Я бесцельно шел по этому безымянному городу. Грязные испарения его поднимались к небу. Ночью это был мрачный огненный столп, днем — белесый, как облако. Похоже, что именно так Господь Бог указывал в пустыне дорогу первому племени изгнанников, первым эмигрантам. Я шел сквозь бурю слов, шума, смеха, криков, которые глухо бились о мои барабанные перепонки, я слышал гул, не улавливая его смысл. После погруженной во мрак Европы люди казались мне Прометеями — вот потный детина в сполохах электрического света протягивает из дверей магазина руку, увешанную полотенцами и носками, умоляя прохожих купить его товар; вот повар жарит пиццу на огромной сковородке, а вокруг него так и летают искры, будто он не человек, а некое древнее божество. Я не понимал чужую речь, потому от меня ускользал и почти символический смысл пантомимы. Мне казалось, будто все происходит на сцене и передо мной не повара, не зазывалы, не продавцы, а марионетки, которые разыгрывают неведомую пьесу; я один в ней не участвую и угадываю лишь общий ее смысл. Я был в толпе и в то же время чувствовал себя чужим, неприкаянным, отрезанным от людей; нас разделяла не стеклянная стена, не расстояние, не враждебность и не отчужденность, а что-то незримое. Это «что-то» касалось меня одного и коренилось во мне самом. Смутно я понимал: мгновение это неповторимо, оно никогда не вернется — уже завтра острота чувств притупится. И не потому, что окружающее станет мне ближе, — как раз наоборот. Возможно, уже завтра я начну борьбу за существование — буду ползать на брюхе, идти на компромиссы, фальшивить, нагромождая горы той полу лжи, из которой и состоят наши будни. Но сегодня ночью город еще являл мне свое неразгаданное лицо.

И вдруг я понял: добравшись до чужих берегов, я отнюдь не избежал опасности, — напротив: именно сейчас она угрожала мне с особой силой. Угрожала не извне, а изнутри. Очень долго я думал только о том, чтобы сохранить себе жизнь. В этом и заключалось мое спасение. То был примитивный инстинкт самосохранения, инстинкт, который возникает на тонущем корабле, когда начинается паника и у человека одна цель — остаться в живых.

Но уже скоро, с завтрашнего дня, а может, даже с этой диковинной ночи, действительность раскроется передо мной по-новому, и у меня опять появится будущее, а стало быть, и прошлое. Прошлое, которое убивает, если не сумеешь его забыть или зачеркнуть. Я понял внезапно, что та корка льда, которая успела образоваться, еще долгое время будет слишком тонкой, ходить по ней опасно. Лед провалится. И этого надо избегнуть. Смогу ли я начать жизнь во второй раз?

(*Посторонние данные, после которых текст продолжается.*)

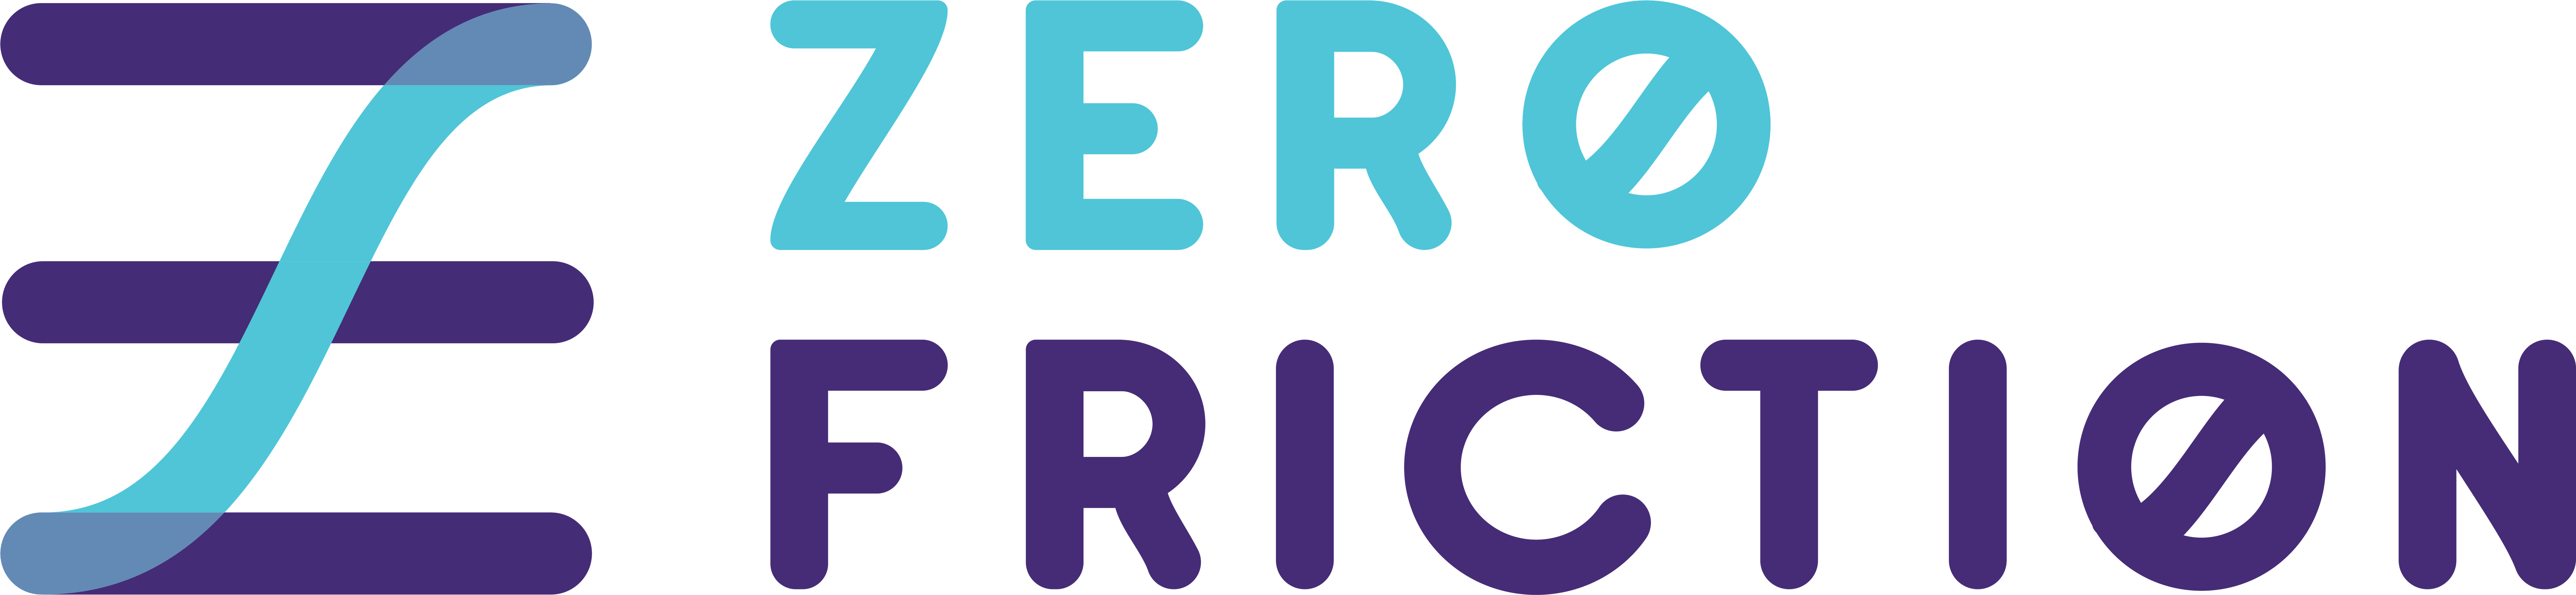 logo_zero-friction

Начать сначала — познать то, что простирается передо мной, так же, как я познаю этот чужой язык? Смогу ли я начать снова? И не будет ли это предательством, двойным предательством по отношению к мертвым, к людям, которые были мне дороги?

Я быстро повернулся и пошел назад, смущенный и глубоко взволнованный. Теперь я уже не глазел по сторонам. А когда увидел перед собой гостиницу, у меня вдруг радостно забилось сердце. Другие гостиницы лезли вширь и вверх, стараясь быть позаметней, а эта была тихой и незаметной.

Я вошел в вестибюль, уродливо отделанный «под мрамор», и увидел Меликова, дремавшего в качалке позади стойки. Он открыл глаза, и мне на секунду показалось, что у него нет век, как у старого попугая. Потом его глаза поголубели и посветлели.

— Вы играете в шахматы? — спросил он вставая.

— Как все эмигранты.

— Хорошо. Пойду принесу водку.

Он пошел наверх. Я огляделся. Почему-то мне почудилось, что я дома. Человеку, который давно не имел дома, часто приходят в голову подобные мысли.

 

II

В английском я делал большие успехи, и недели через две мой словарный запас был уже как у пятнадцатилетнего подростка. По утрам я несколько часов проводил среди красного плюша гостиницы «Ройбен» — зубрил грамматику, а во второй половине дня изыскивал возможности для устной практики. Действовал я без малейшего стыда и стеснения. Заметив, что за десять дней, проведенных с Меликовым, у меня появился русский акцент, я тут же перекинулся на постояльцев и служащих гостиницы. И поочередно усваивал самые разнообразные акценты: немецкий, еврейский, французский. Под конец, сведя дружбу с уборщицами и горничными и уверовав, что они-то и есть стопроцентные американки, я начал говорить с явным бруклинским акцентом.

— Надо тебе завести роман с молоденькой американкой, — сказал Медиков: за это время мы перешли с ним на «ты».

— Из Бруклина? — спросил я.

— Лучше из Бостона. Там всего правильнее говорят.

— Тогда уж надо найти учительницу из Бостона. Это было бы самое рациональное.

— К несчастью, наша гостиница — караван-сарай. Различные акценты носятся в воздухе, как тифозные бациллы, а ты, увы, легко перенимаешь все отклонения от нормы и совершенно глух к нормальной речи. Надеюсь, тебе поможет любовь.

— Владимир, — сказал я, — мир и так уже слишком быстро меняется для меня. С каждым днем мое английское «я» становится на год старше, и, к великому сожалению, мир этого «я» теряет свои чары. Чем лучше я понимаю язык, тем скорее исчезает таинственность. Пройдет еще несколько недель, и оба мои «я» уравновесятся. Американское «я» станет столь же скучно трезвым, как и европейское. Дай срок! И оставь в покое мое произношение. Я не хочу, чтобы мое второе детство пролетело так быстро.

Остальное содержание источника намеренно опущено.